[Records excerpted from a collection]

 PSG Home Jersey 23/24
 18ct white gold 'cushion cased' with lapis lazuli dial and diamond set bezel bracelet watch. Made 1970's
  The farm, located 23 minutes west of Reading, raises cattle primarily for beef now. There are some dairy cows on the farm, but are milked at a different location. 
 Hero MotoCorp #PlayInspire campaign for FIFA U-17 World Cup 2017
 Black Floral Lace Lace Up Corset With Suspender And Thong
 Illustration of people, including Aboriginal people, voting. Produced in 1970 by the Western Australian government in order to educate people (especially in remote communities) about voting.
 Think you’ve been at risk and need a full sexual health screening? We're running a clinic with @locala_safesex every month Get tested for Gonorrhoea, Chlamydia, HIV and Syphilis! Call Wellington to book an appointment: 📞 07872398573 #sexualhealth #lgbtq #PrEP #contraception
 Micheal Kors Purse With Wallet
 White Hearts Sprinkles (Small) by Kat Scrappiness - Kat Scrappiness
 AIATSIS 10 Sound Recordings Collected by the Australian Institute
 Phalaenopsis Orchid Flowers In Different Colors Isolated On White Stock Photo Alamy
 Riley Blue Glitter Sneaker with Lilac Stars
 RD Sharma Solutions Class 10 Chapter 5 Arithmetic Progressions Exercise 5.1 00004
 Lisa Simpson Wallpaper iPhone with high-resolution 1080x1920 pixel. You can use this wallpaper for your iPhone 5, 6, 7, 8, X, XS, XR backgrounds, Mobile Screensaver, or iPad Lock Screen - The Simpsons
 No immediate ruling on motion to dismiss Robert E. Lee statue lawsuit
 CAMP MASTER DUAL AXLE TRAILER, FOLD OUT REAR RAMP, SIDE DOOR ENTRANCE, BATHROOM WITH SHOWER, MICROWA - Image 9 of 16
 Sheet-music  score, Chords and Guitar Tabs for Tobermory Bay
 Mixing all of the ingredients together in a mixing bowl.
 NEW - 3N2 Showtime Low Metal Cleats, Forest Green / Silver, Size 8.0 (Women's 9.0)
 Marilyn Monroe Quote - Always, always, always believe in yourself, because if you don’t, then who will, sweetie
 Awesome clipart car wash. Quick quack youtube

(EXERCISE DESCRIPTION): Write out the data once more, word for word.

(REPLY TO THE TASK):
 PSG Home Jersey 23/24
 18ct white gold 'cushion cased' with lapis lazuli dial and diamond set bezel bracelet watch. Made 1970's
  The farm, located 23 minutes west of Reading, raises cattle primarily for beef now. There are some dairy cows on the farm, but are milked at a different location. 
 Hero MotoCorp #PlayInspire campaign for FIFA U-17 World Cup 2017
 Black Floral Lace Lace Up Corset With Suspender And Thong
 Illustration of people, including Aboriginal people, voting. Produced in 1970 by the Western Australian government in order to educate people (especially in remote communities) about voting.
 Think you’ve been at risk and need a full sexual health screening? We're running a clinic with @locala_safesex every month Get tested for Gonorrhoea, Chlamydia, HIV and Syphilis! Call Wellington to book an appointment: 📞 07872398573 #sexualhealth #lgbtq #PrEP #contraception
 Micheal Kors Purse With Wallet
 White Hearts Sprinkles (Small) by Kat Scrappiness - Kat Scrappiness
 AIATSIS 10 Sound Recordings Collected by the Australian Institute
 Phalaenopsis Orchid Flowers In Different Colors Isolated On White Stock Photo Alamy
 Riley Blue Glitter Sneaker with Lilac Stars
 RD Sharma Solutions Class 10 Chapter 5 Arithmetic Progressions Exercise 5.1 00004
 Lisa Simpson Wallpaper iPhone with high-resolution 1080x1920 pixel. You can use this wallpaper for your iPhone 5, 6, 7, 8, X, XS, XR backgrounds, Mobile Screensaver, or iPad Lock Screen - The Simpsons
 No immediate ruling on motion to dismiss Robert E. Lee statue lawsuit
 CAMP MASTER DUAL AXLE TRAILER, FOLD OUT REAR RAMP, SIDE DOOR ENTRANCE, BATHROOM WITH SHOWER, MICROWA - Image 9 of 16
 Sheet-music  score, Chords and Guitar Tabs for Tobermory Bay
 Mixing all of the ingredients together in a mixing bowl.
 NEW - 3N2 Showtime Low Metal Cleats, Forest Green / Silver, Size 8.0 (Women's 9.0)
 Marilyn Monroe Quote - Always, always, always believe in yourself, because if you don’t, then who will, sweetie
 Awesome clipart car wash. Quick quack youtube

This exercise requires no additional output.